Часть 19 из 29 В начало
Для доступа к библиотеке пройдите авторизацию
12
Света стояла на дороге, пытаясь поймать частника, чтоб добраться до вокзала. Притормозила черная «девятка», парень в солнцезащитных очках, наклонившись, открыл дверцу, поинтересовался куда и кивнул, чтобы садилась. Сиденья были прожжены сигаретами, стекла тонированы, в салоне резко пахло мужским потом, освежитель воздуха не помогал: устоявшийся запах насквозь пропитал воздух. Света села сзади, парень, оглянувшись, скомандовал:
– Покажи-ка деньги!
Она машинально вынула из кармана пачку, которую сунул ей Алик, и показала. «Девятка» двинулась по пустынной улице медленно, точно раздумывая, куда ехать.
– Направо! – произнесла Света.
Машина резко набрала скорость, повернула налево к промзоне и двинулась вдоль глухого бетонного забора.
– Куда мы едем? – спросила Света.
– Щас, – отозвался водитель. – Срочно надо. Завернем на минуту, а потом на вокзал.
В голосе его слышались подобострастные нотки. Говорил он торопливо и постоянно, точно чего-то опасаясь, подергивал головой на толстой шее. Боится, что его обманут что ли, презрительно подумала Света. Этот бугай ей сильно не нравился, но выбирать на пустой дороге не приходилось. Неизвестно, когда бы появилась следующая машина.
Они свернули к металлическим воротам, те открылись автоматически, автомобиль въехал на территорию, ворота закрылись.
– Пошли, – приказал парень.
– Куда?
Водитель махнул рукой в сторону ангара и добавил: «Сюда. На минуту». Территория была абсолютно пуста ввиду раннего утра. Он отпер ангар, и они зашли внутрь темного помещения. Парень снял очки и положил в карман. Быстро притянул к себе Свету и зашептал в ухо: «Быстренько, давай, давай быстро». Одной рукой он расстегивал молнию на брюках. Света, не проронив ни звука, резко ударила его коленом между ног. Парень вскрикнул и согнулся, проскрипев: «Сука!»

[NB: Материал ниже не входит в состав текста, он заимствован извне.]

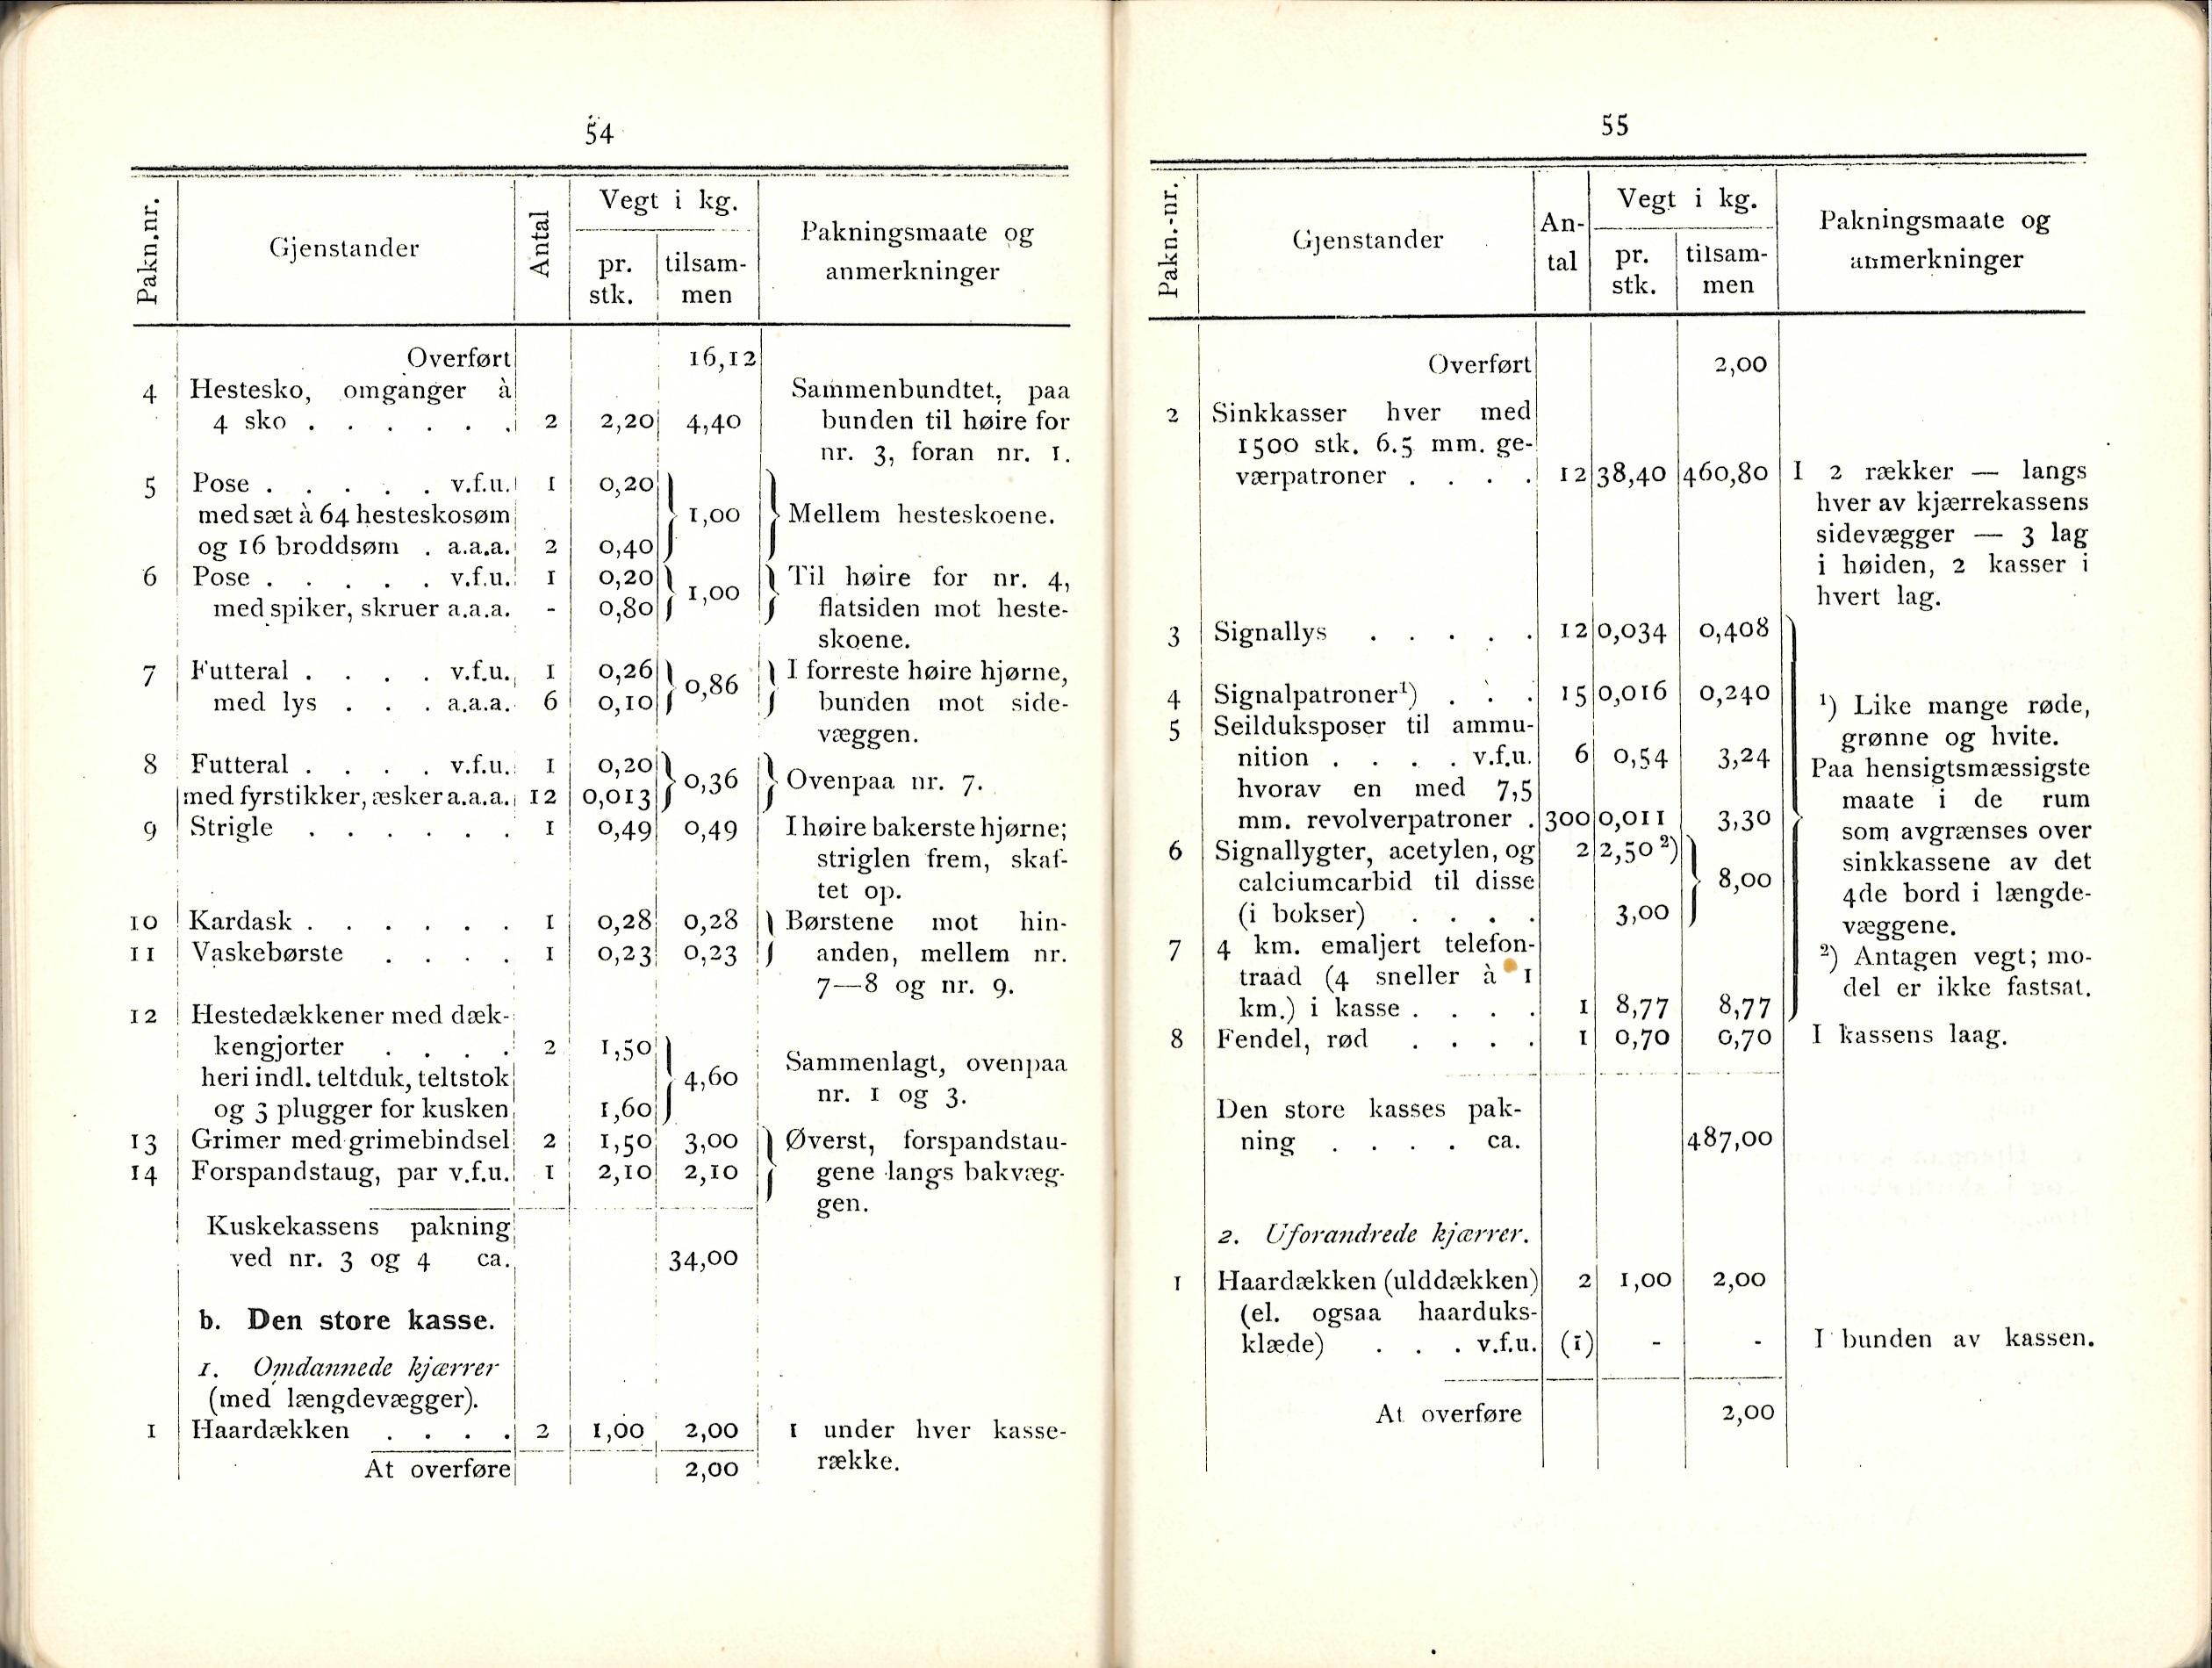 ./doc/reglement/Utrustning/Utrustnings-og-Pakningsplan-1917-12.jpg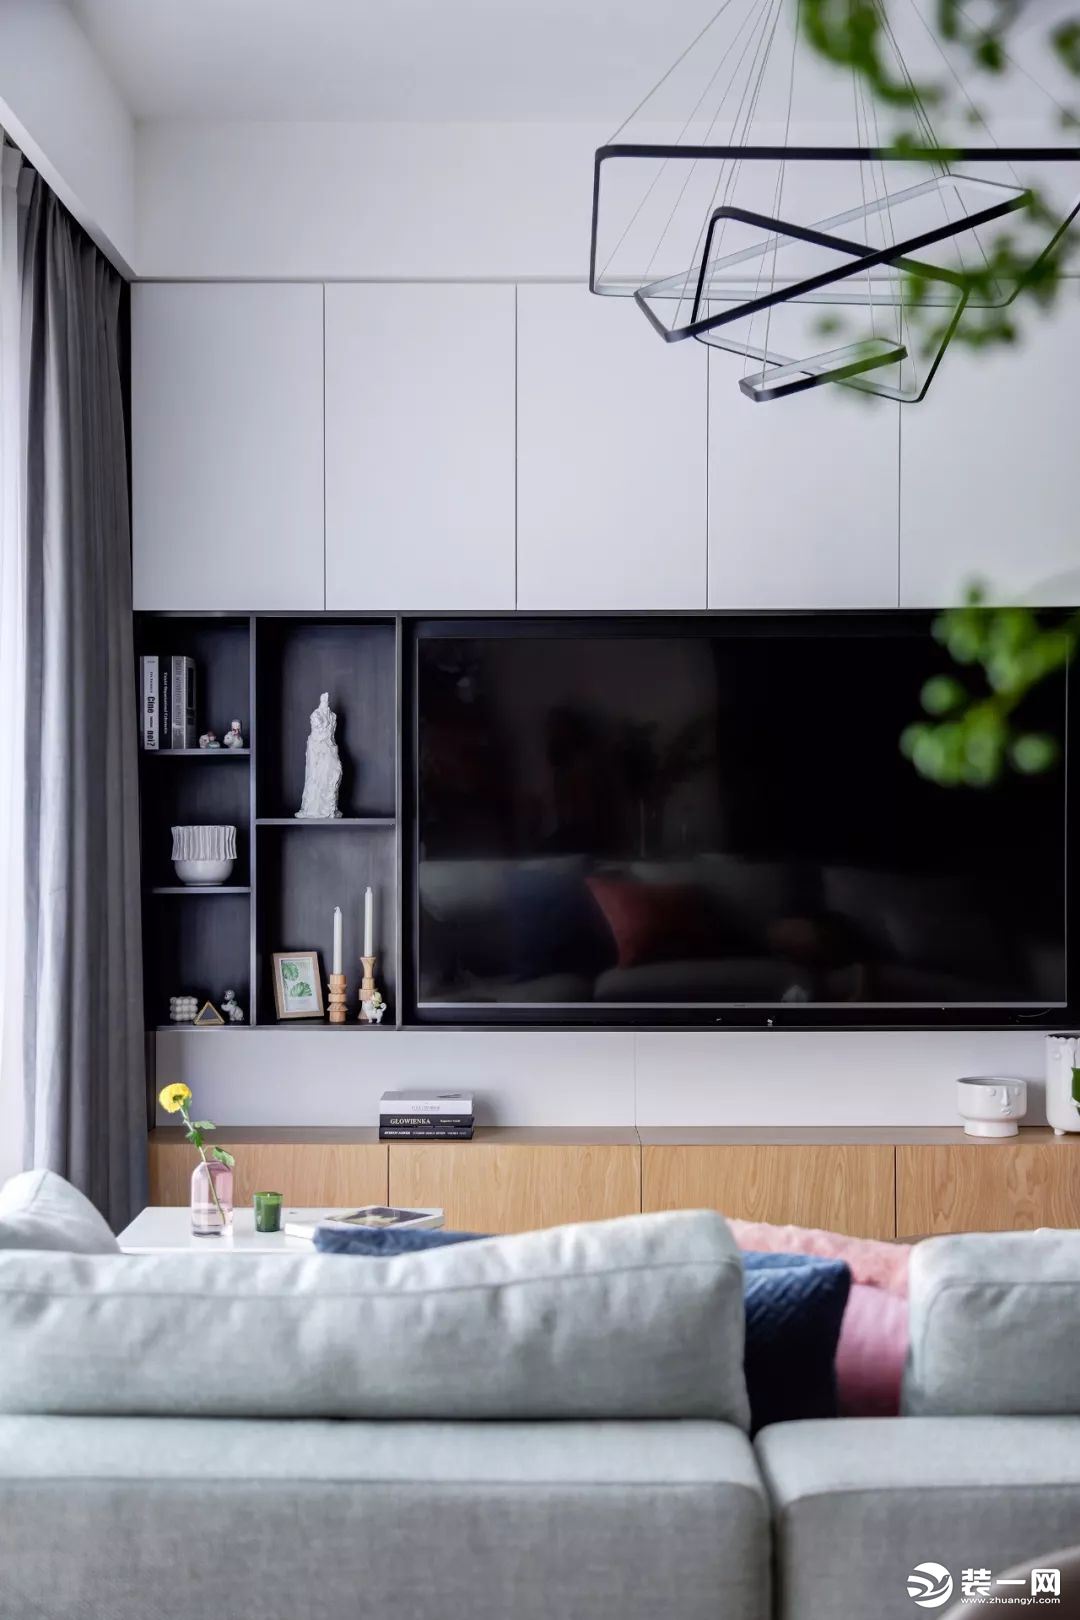 电视墙以定制柜作为主体，左侧加入了几个黑色的开放格架，摆上雅致的装饰品，让空间显得现代优雅而大气。

Света, воспользовавшись передышкой, рванула входную дверь, но он успел схватить за руку: «Не уйдешь, гадюка!» Он потащил ее в глубь ангара, она пинала его по ногам, пыталась укусить за руку, но силы были неравны. Он толкнул ее на какую-то гору мусора и опилок, а сам навалился сверху и полез под одежду. Света вывернулась и перекатилась на живот. Он потянул ее за ногу, она с силой лягнула его, попав в коленную чашку. Парень снова хрипло застонал, а она попыталась подняться, но не получилось, он одолел своим весом и снова свалил на пол.
– Отпусти меня, сволочь! – отчаянно закричала она, и в ангаре откликнулось эхо. Он зажал ей рот толстой рукой, она вцепилась в нее зубами. Ей хотелось разорвать его на клочки. Злость, накопившаяся за время скитаний, горечь от разочарований и мечты об отце, ненависть к оборотням и любовь, главное, любовь к стрелку сделали ее сильной. Она весила вдвое меньше, но почувствовала себя вдвое сильней. В бою побеждает не тот, кто крупней, а тот, кому это до смерти нужно. А после этого бугая непонятно было бы, как дальше жить, и тут для нее решался вопрос жизни и смерти.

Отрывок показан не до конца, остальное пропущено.